_Action item_
Write out every line below again exactly as it stands, skipping each image.

Segment Start: Given material

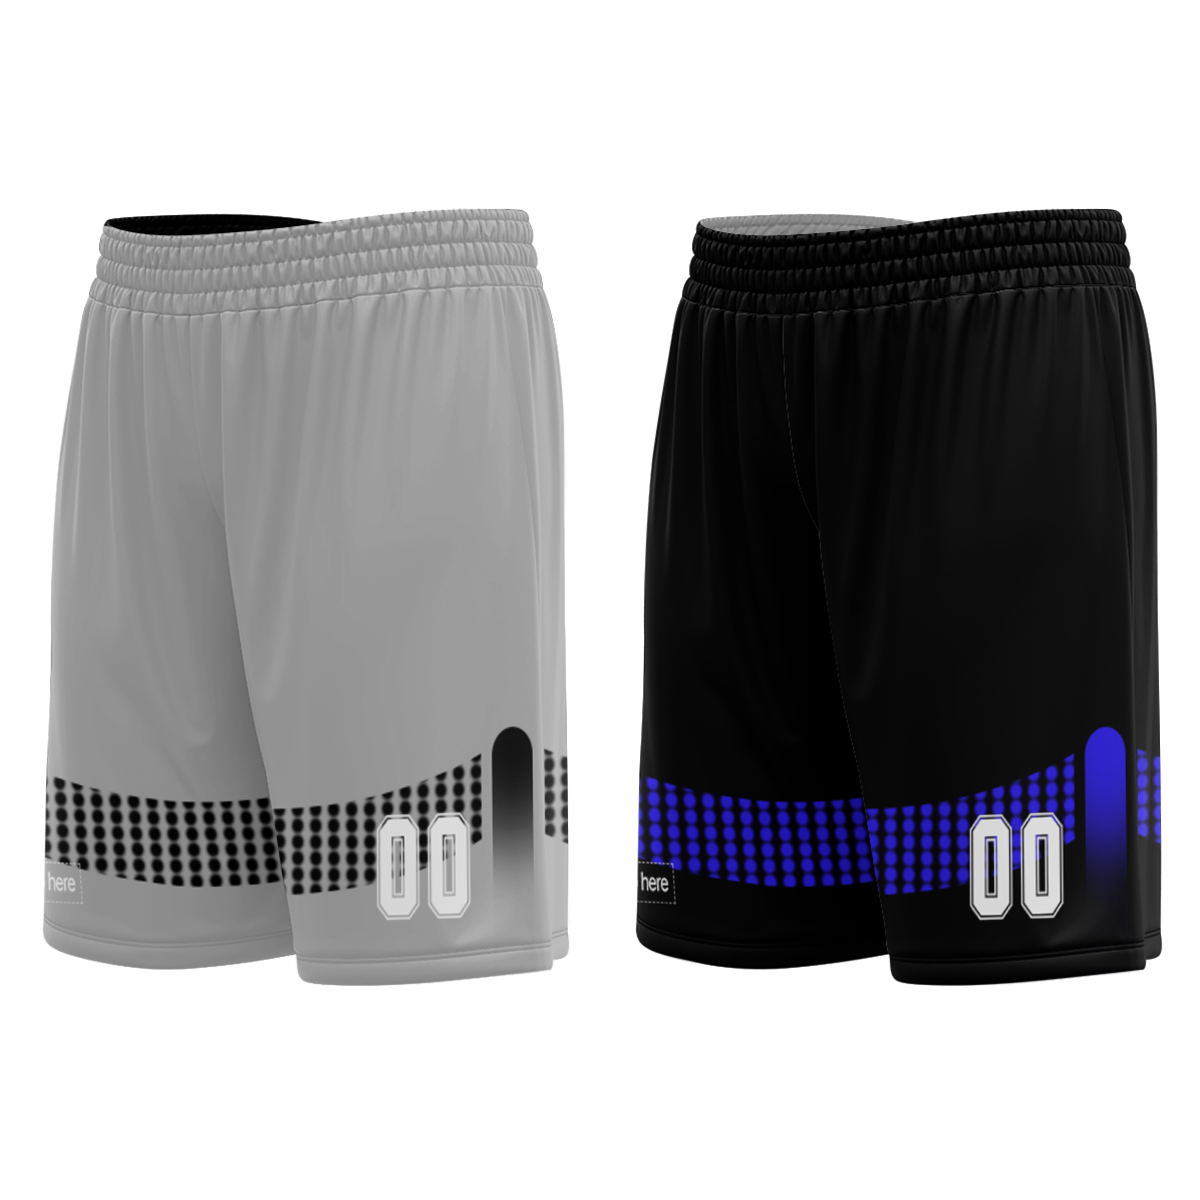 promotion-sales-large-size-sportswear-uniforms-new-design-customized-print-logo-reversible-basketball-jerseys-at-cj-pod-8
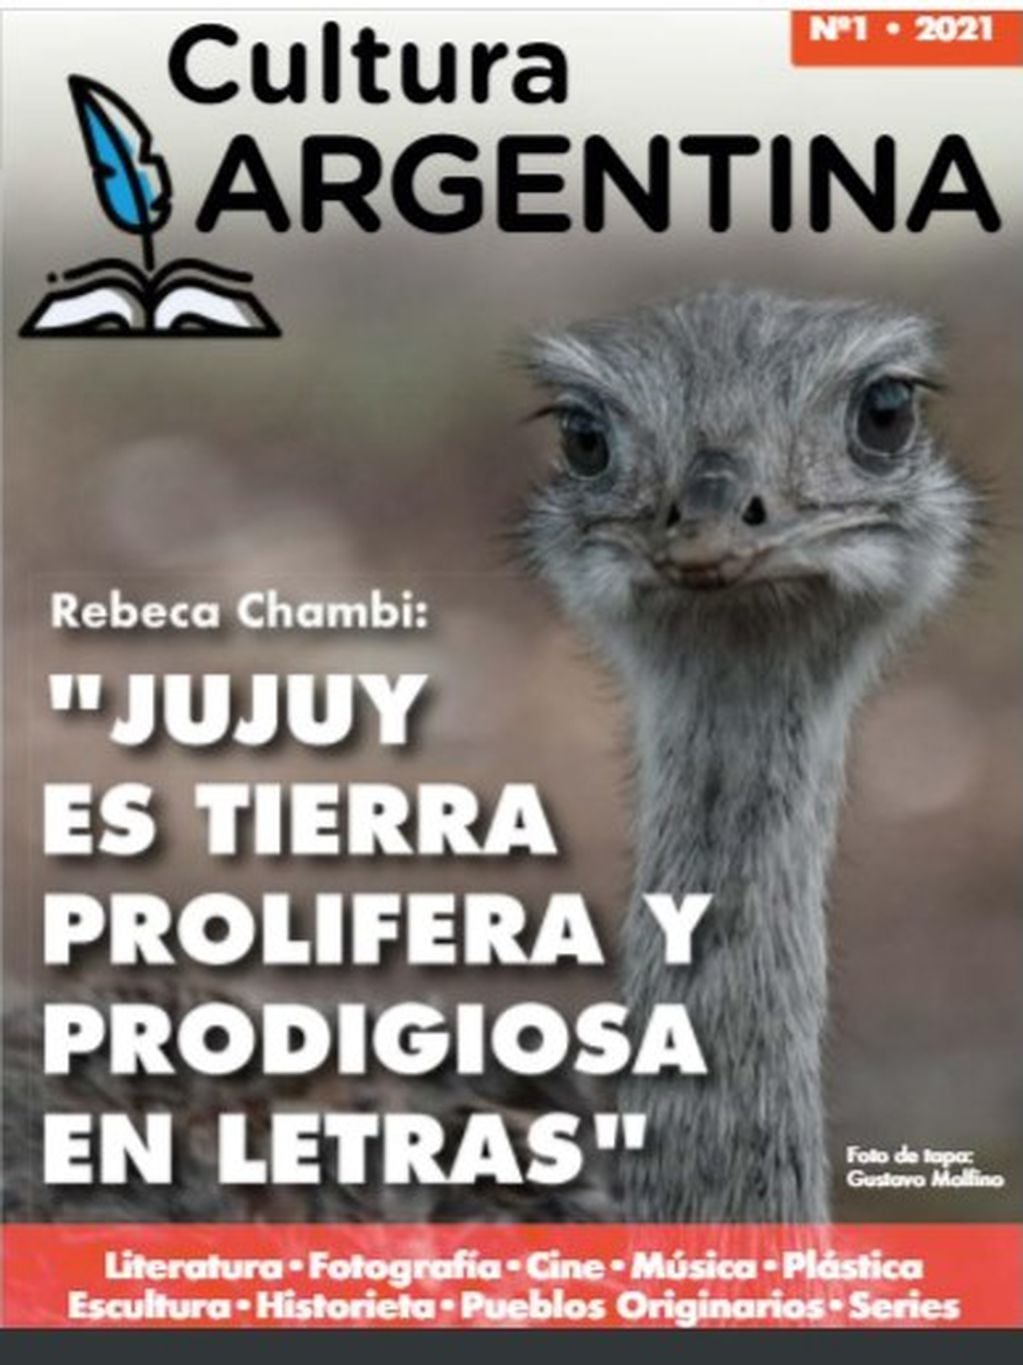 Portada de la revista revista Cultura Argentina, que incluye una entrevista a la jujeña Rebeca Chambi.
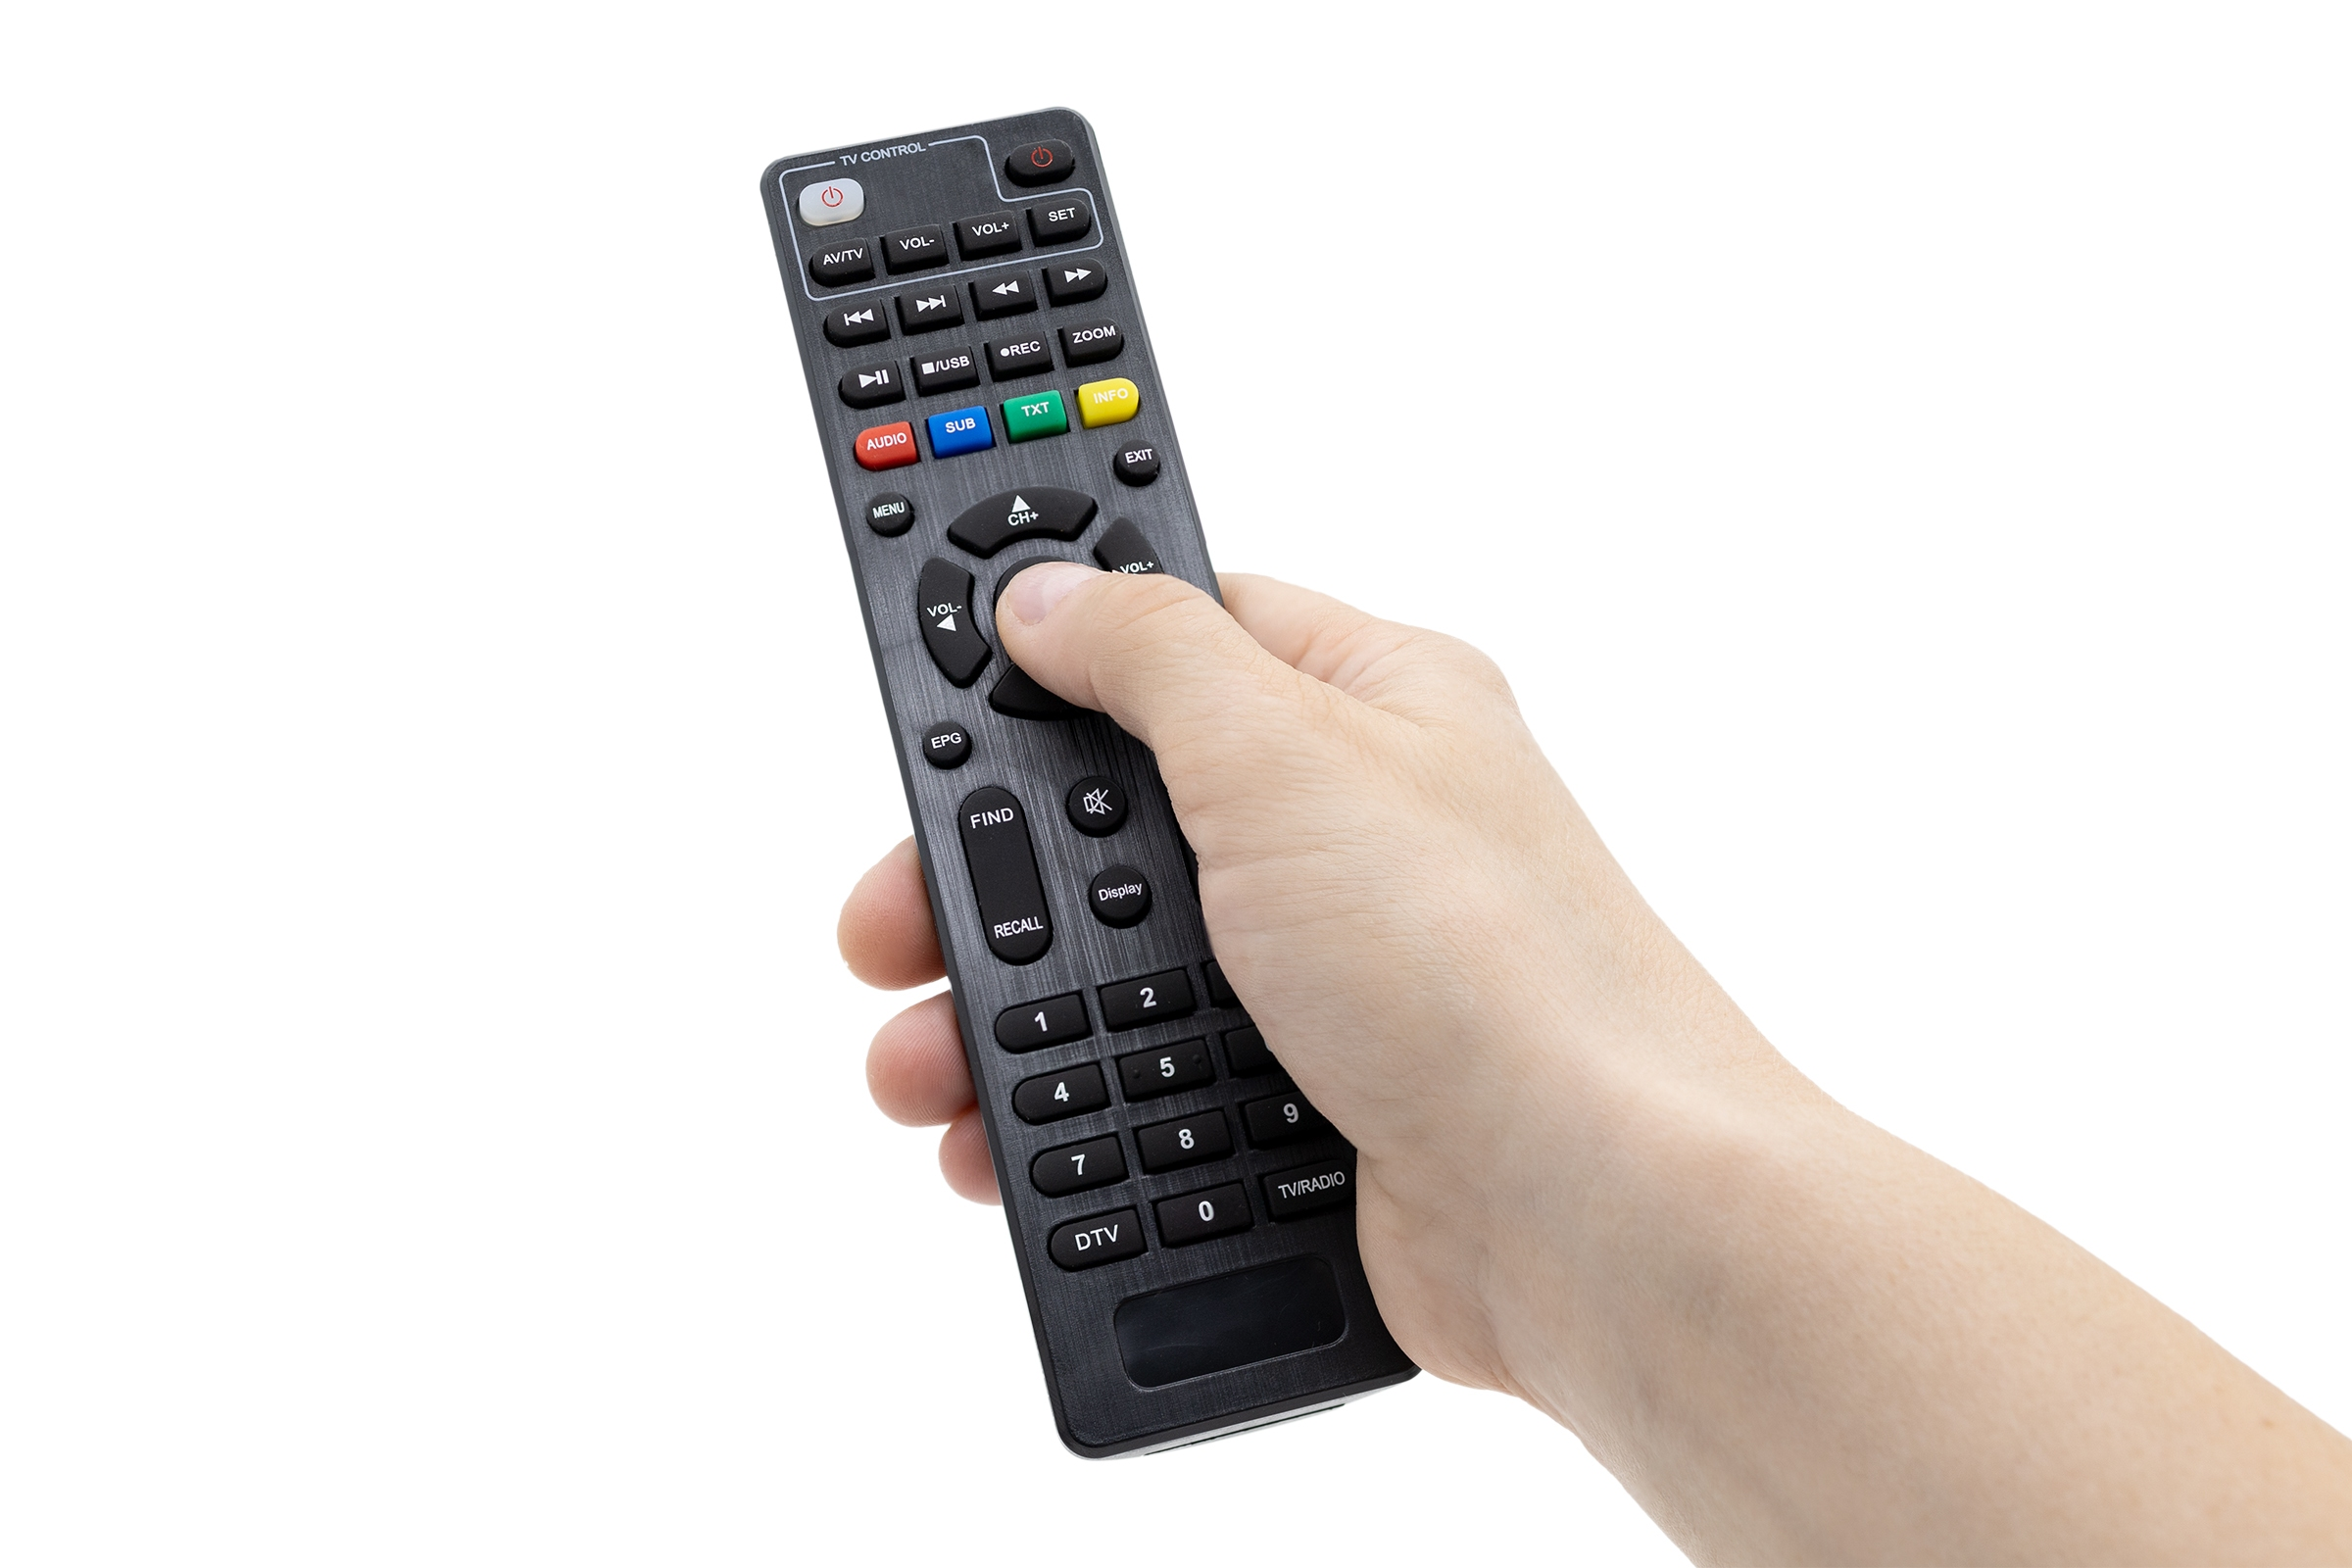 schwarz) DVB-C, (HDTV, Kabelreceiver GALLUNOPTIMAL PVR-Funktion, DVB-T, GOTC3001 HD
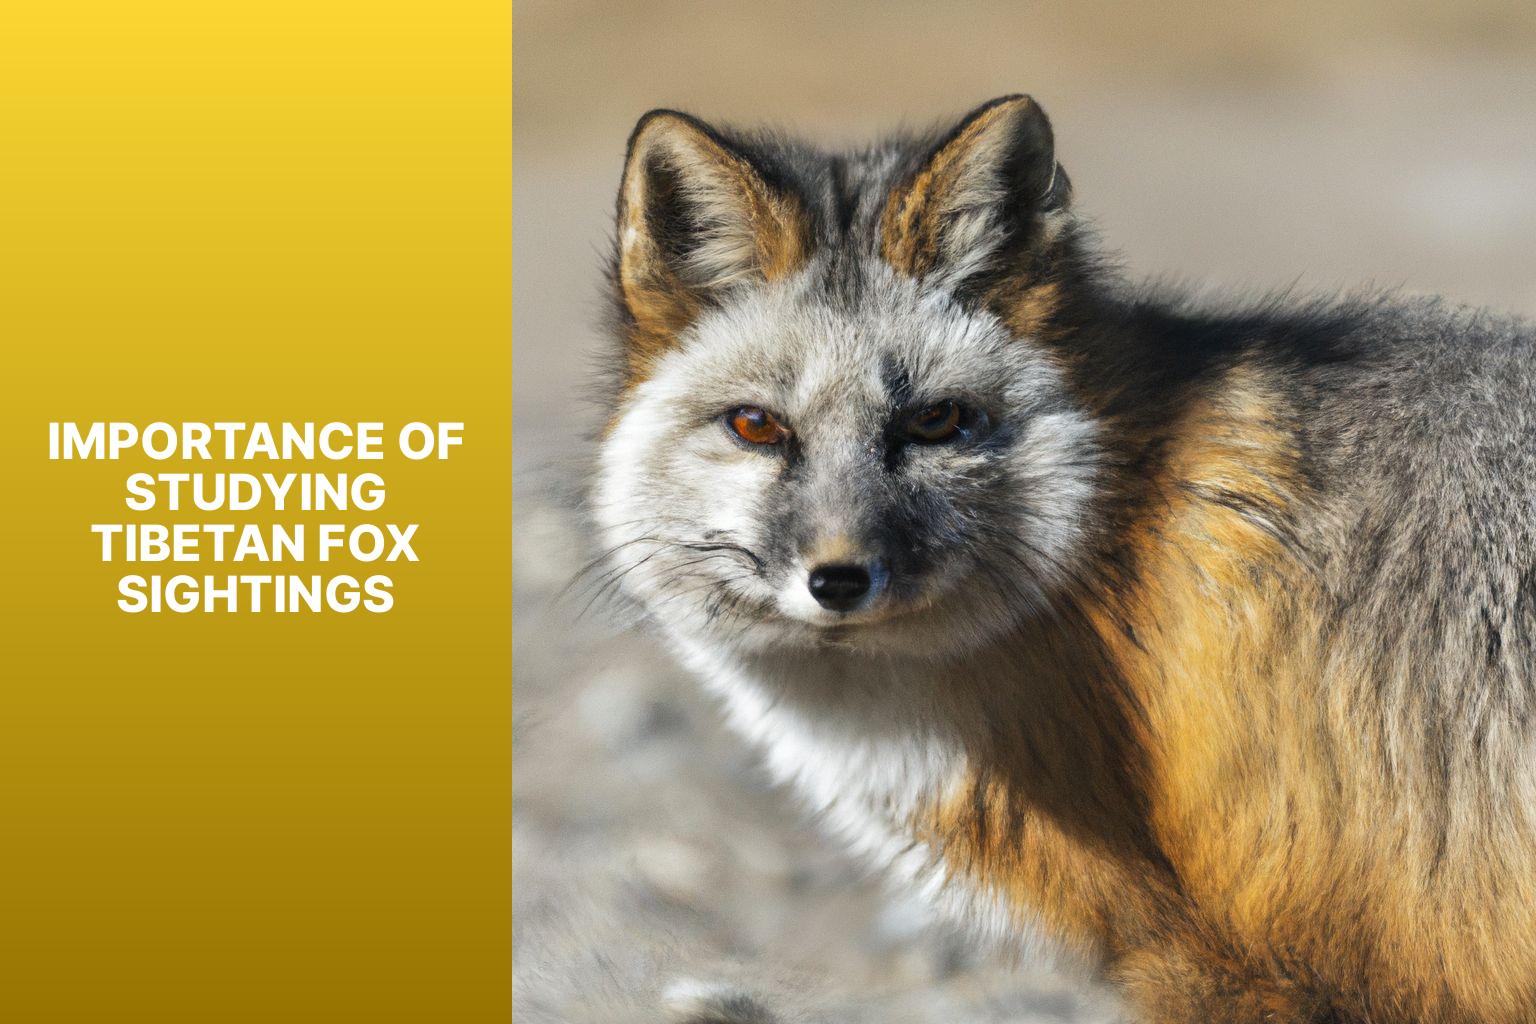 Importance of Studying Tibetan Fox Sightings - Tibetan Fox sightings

Segment End: Given material

_Task result_
 promotion-sales-large-size-sportswear-uniforms-new-design-customized-print-logo-reversible-basketball-jerseys-at-cj-pod-8
 Portada de la revista revista Cultura Argentina, que incluye una entrevista a la jujeña Rebeca Chambi.
 schwarz) DVB-C, (HDTV, Kabelreceiver GALLUNOPTIMAL PVR-Funktion, DVB-T, GOTC3001 HD
 Importance of Studying Tibetan Fox Sightings - Tibetan Fox sightings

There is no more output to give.